With the images removed, repeat the data below exactly.

--- RECORDED DATA ---
"""

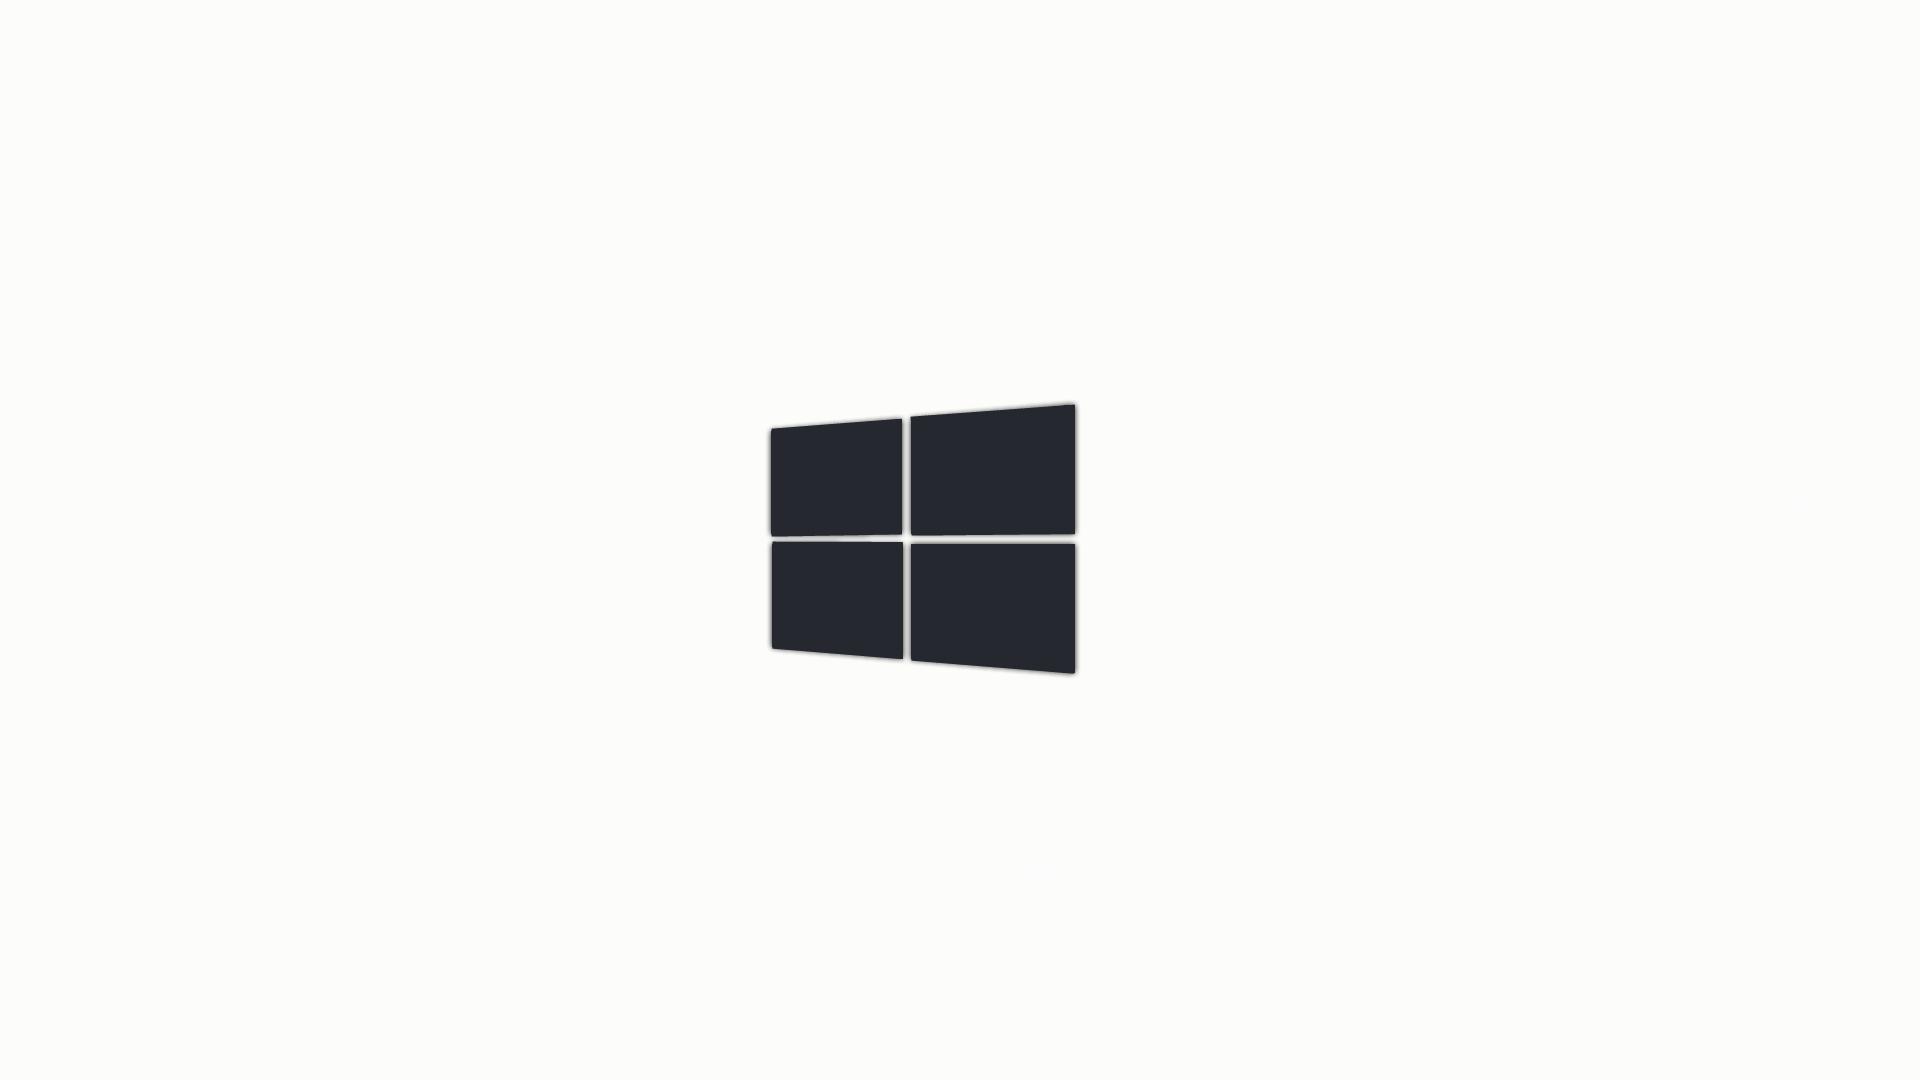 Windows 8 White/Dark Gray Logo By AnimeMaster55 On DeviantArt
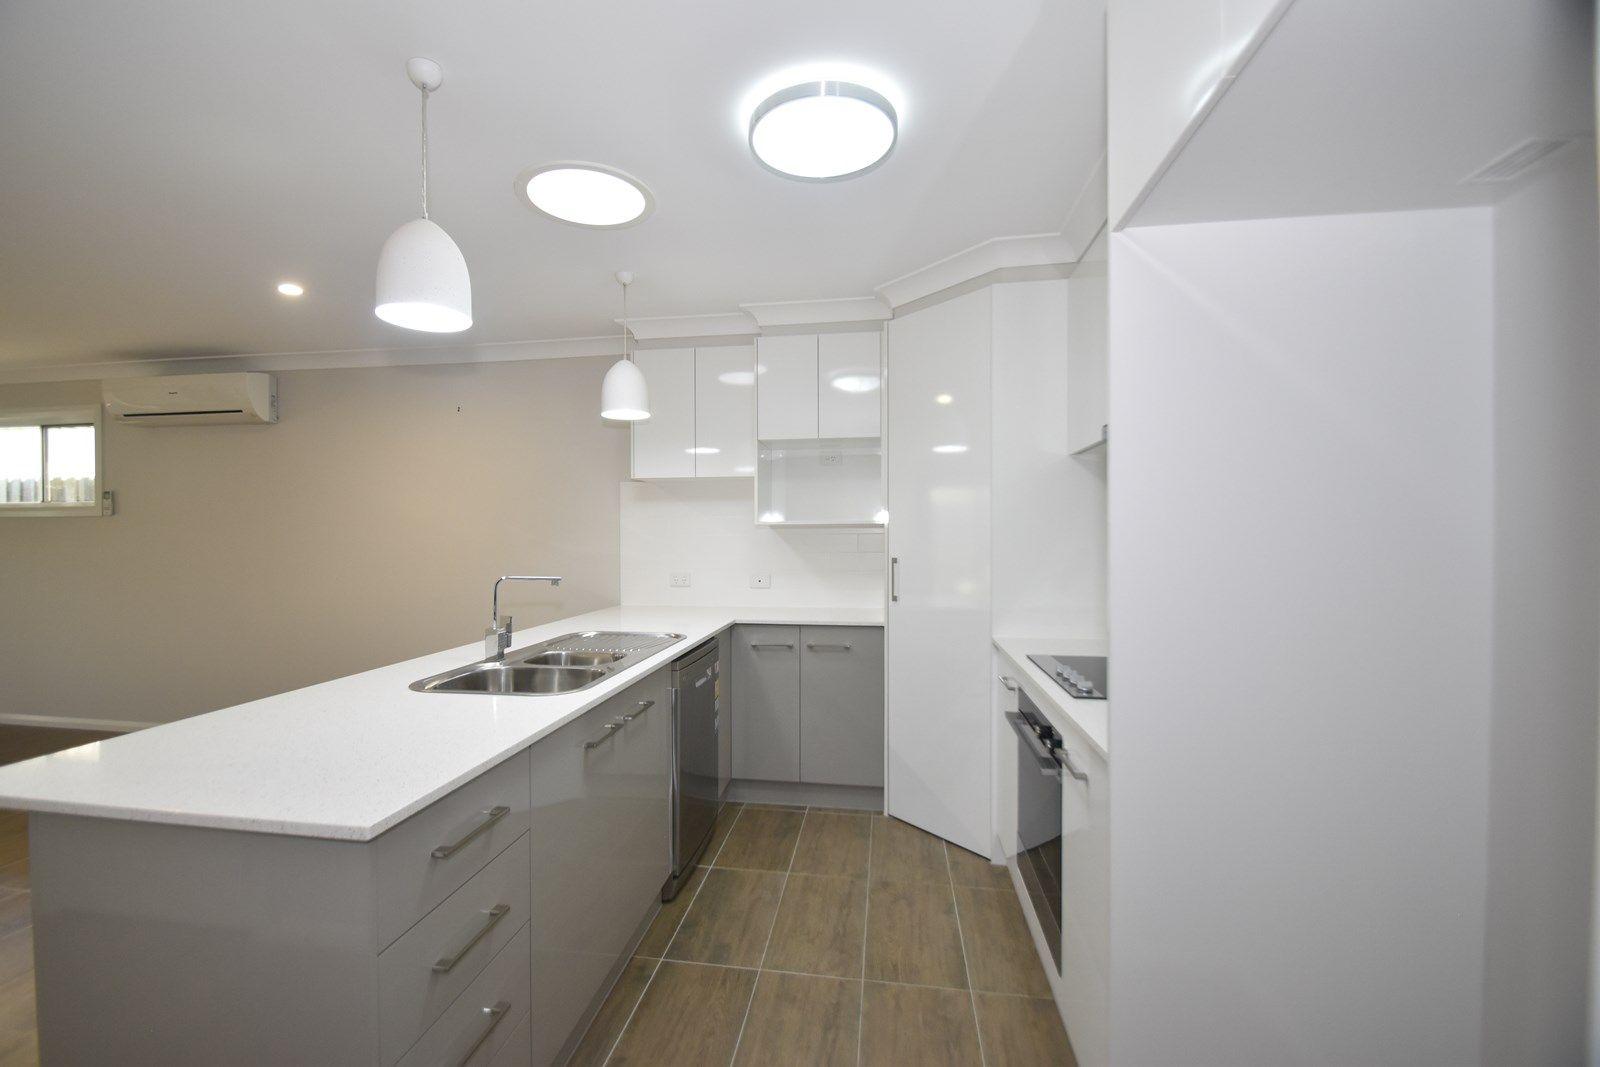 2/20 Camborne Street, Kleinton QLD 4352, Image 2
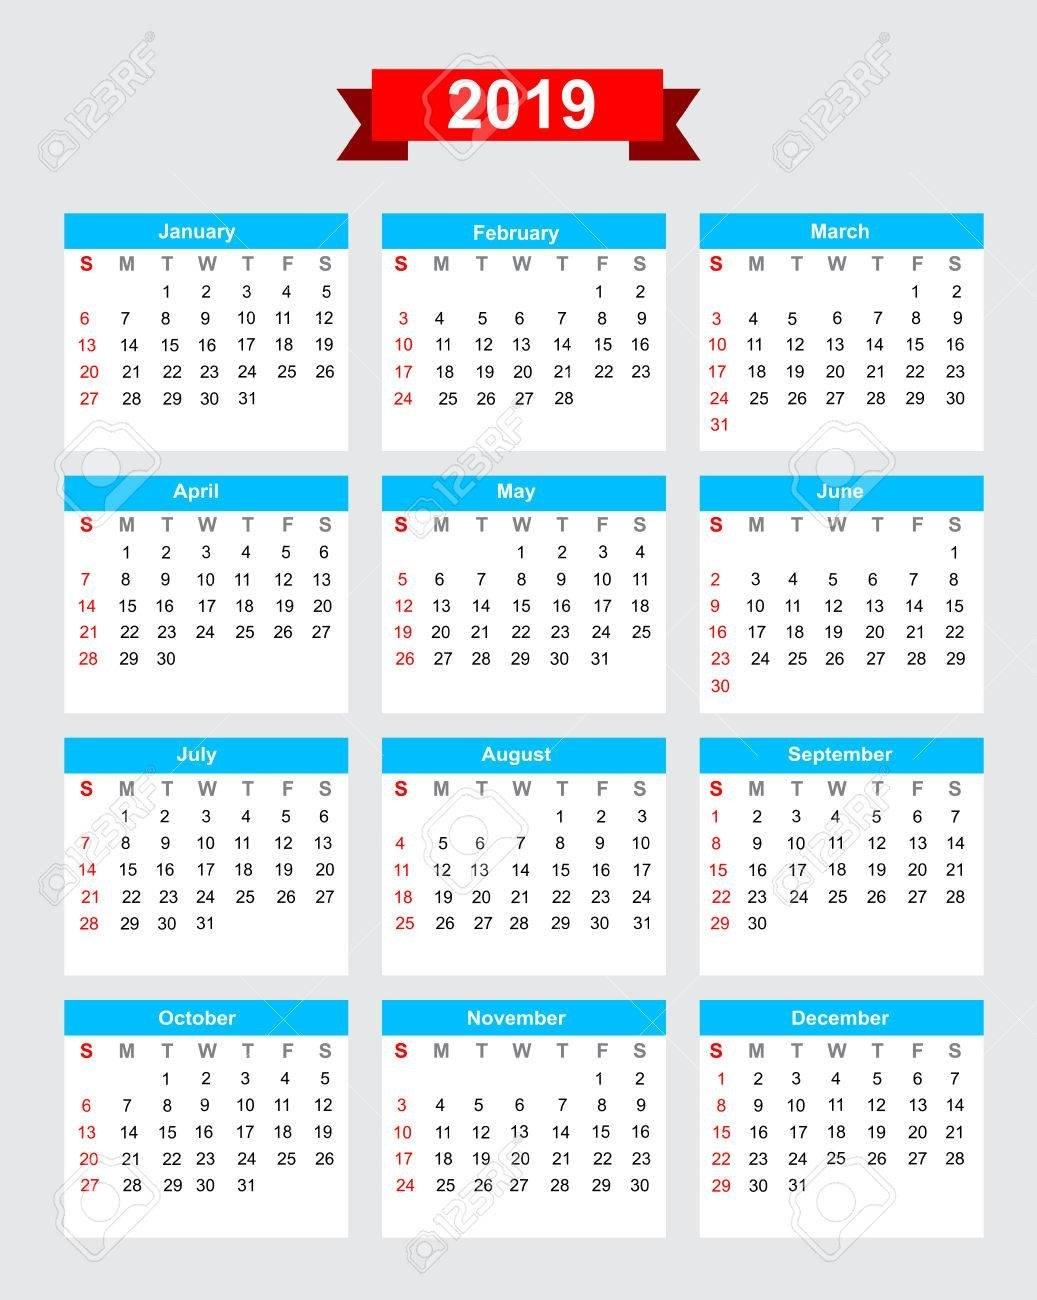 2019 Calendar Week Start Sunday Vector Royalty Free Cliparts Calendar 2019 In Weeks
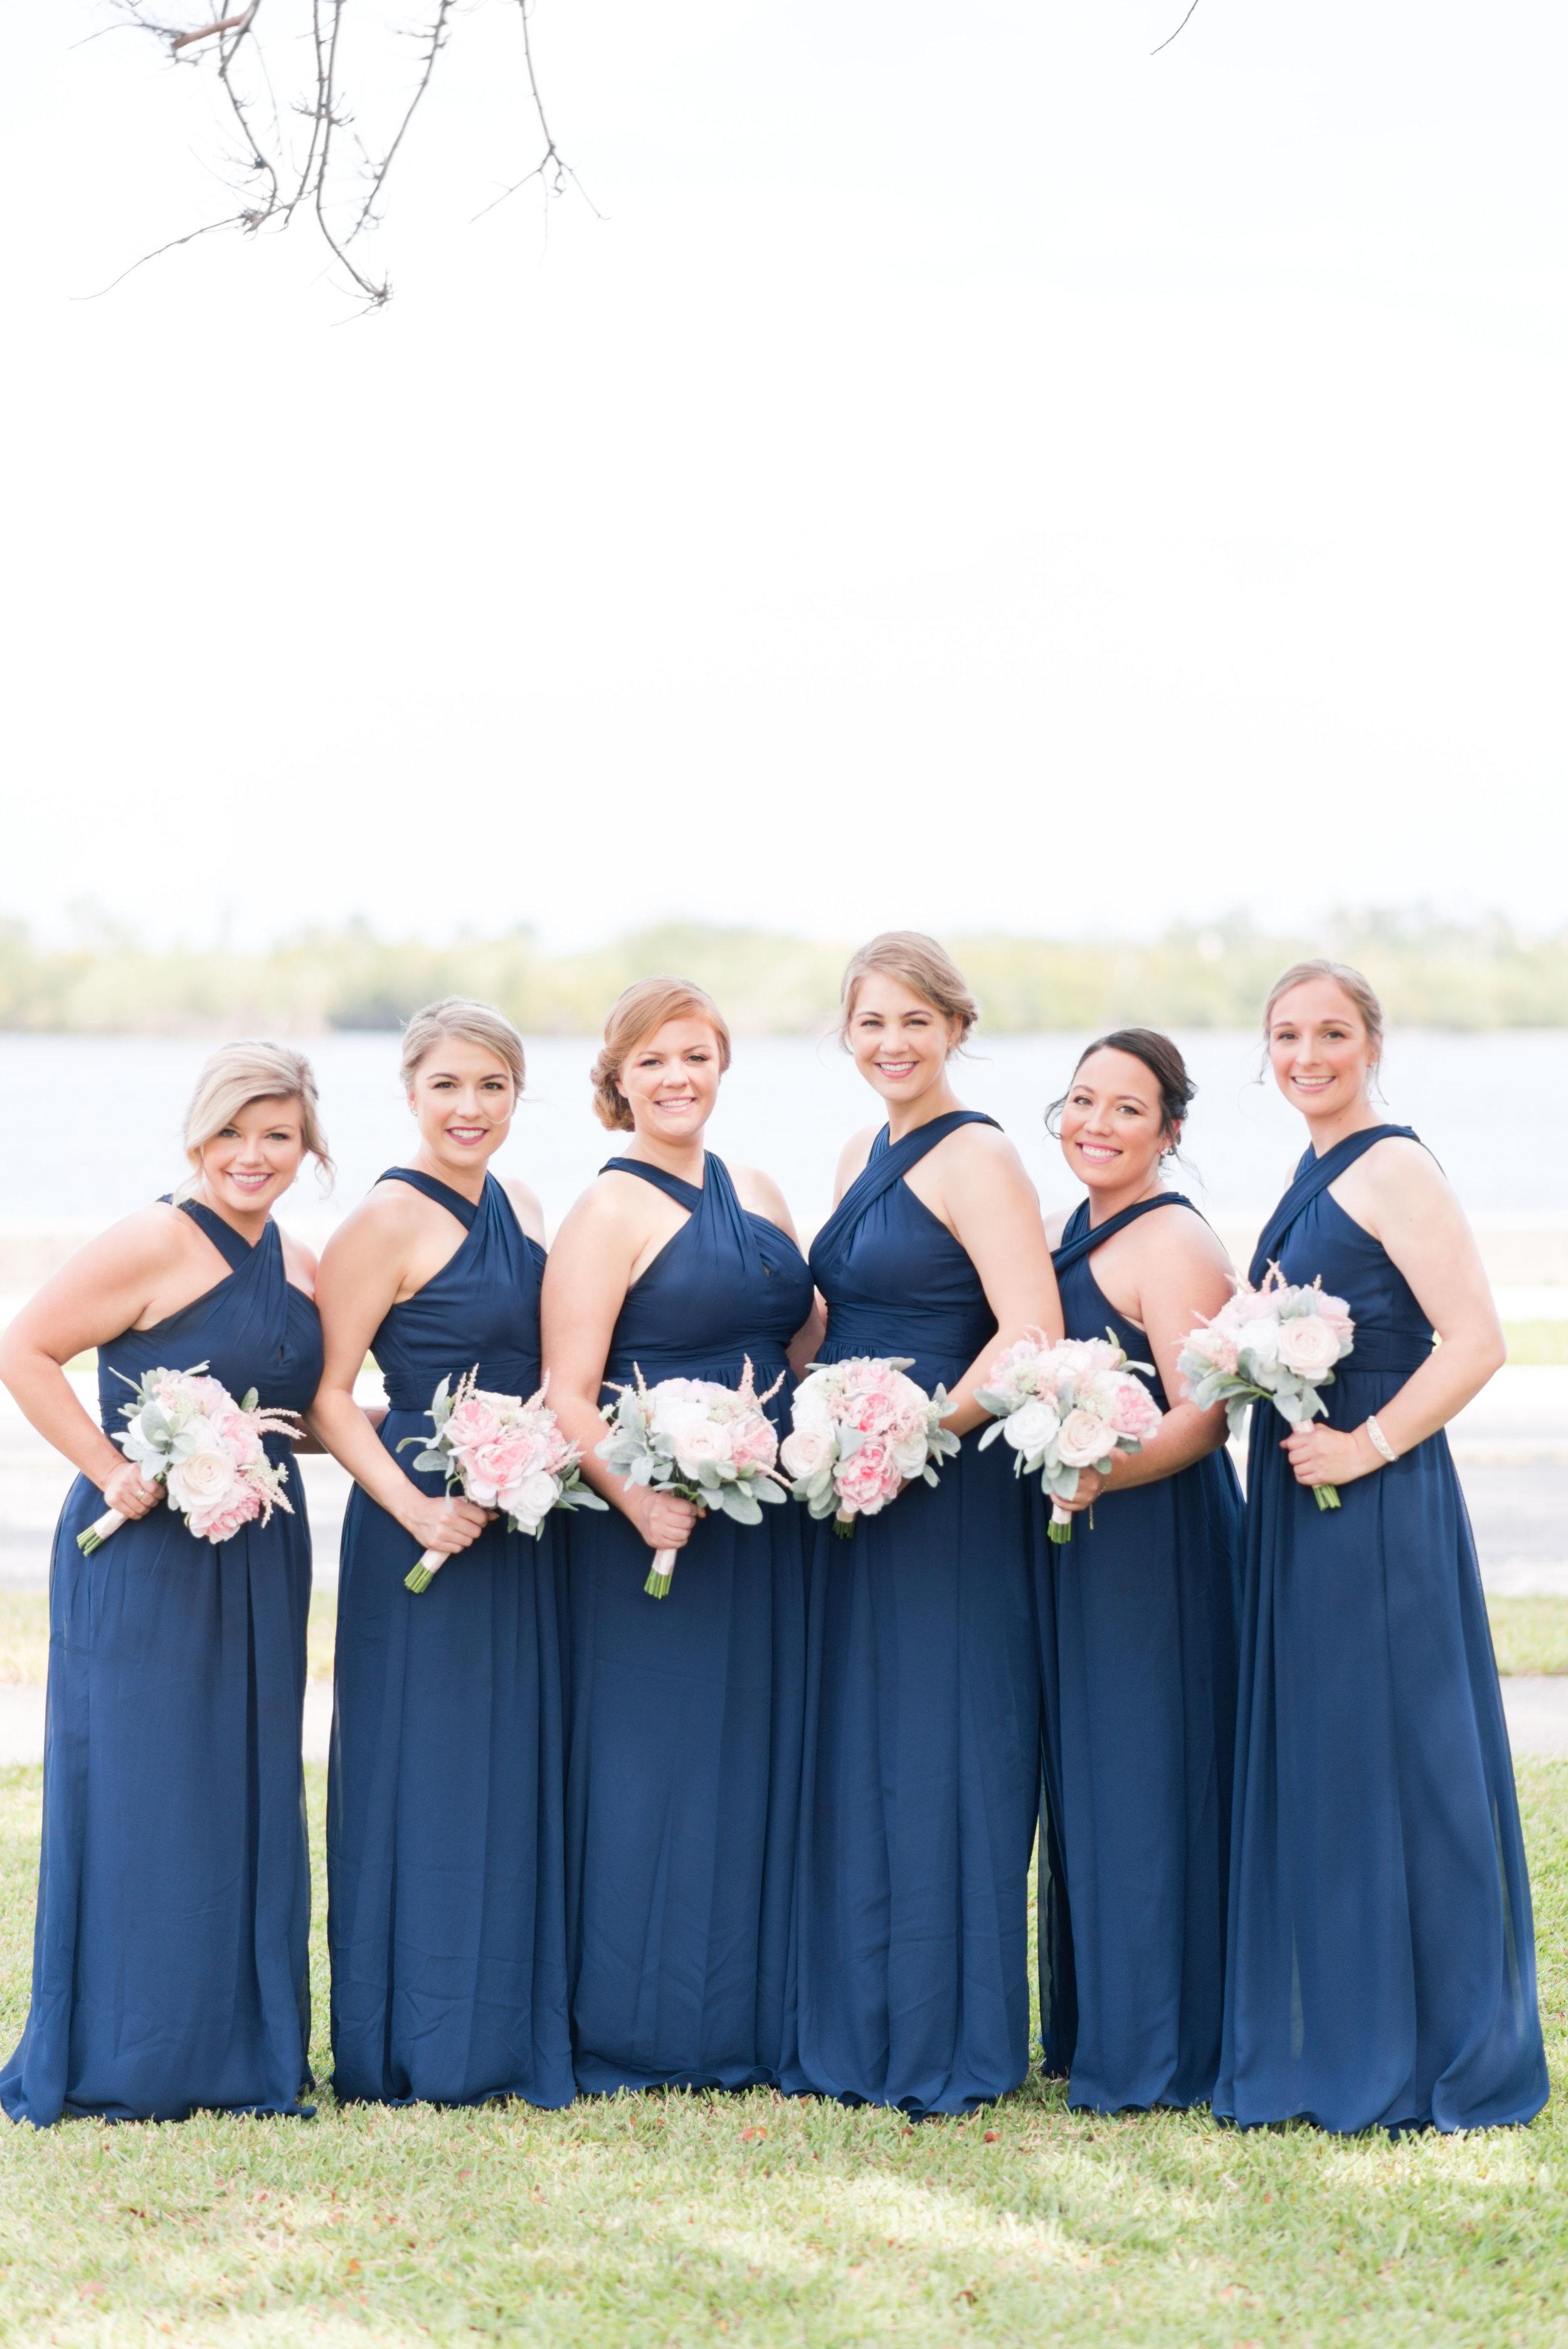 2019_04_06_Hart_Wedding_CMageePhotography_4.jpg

"""

--- ANSWER SECTION ---
 Windows 8 White/Dark Gray Logo By AnimeMaster55 On DeviantArt
 2/20 Camborne Street, Kleinton QLD 4352, Image 2
 2019 Calendar Week Start Sunday Vector Royalty Free Cliparts Calendar 2019 In Weeks
 2019_04_06_Hart_Wedding_CMageePhotography_4.jpg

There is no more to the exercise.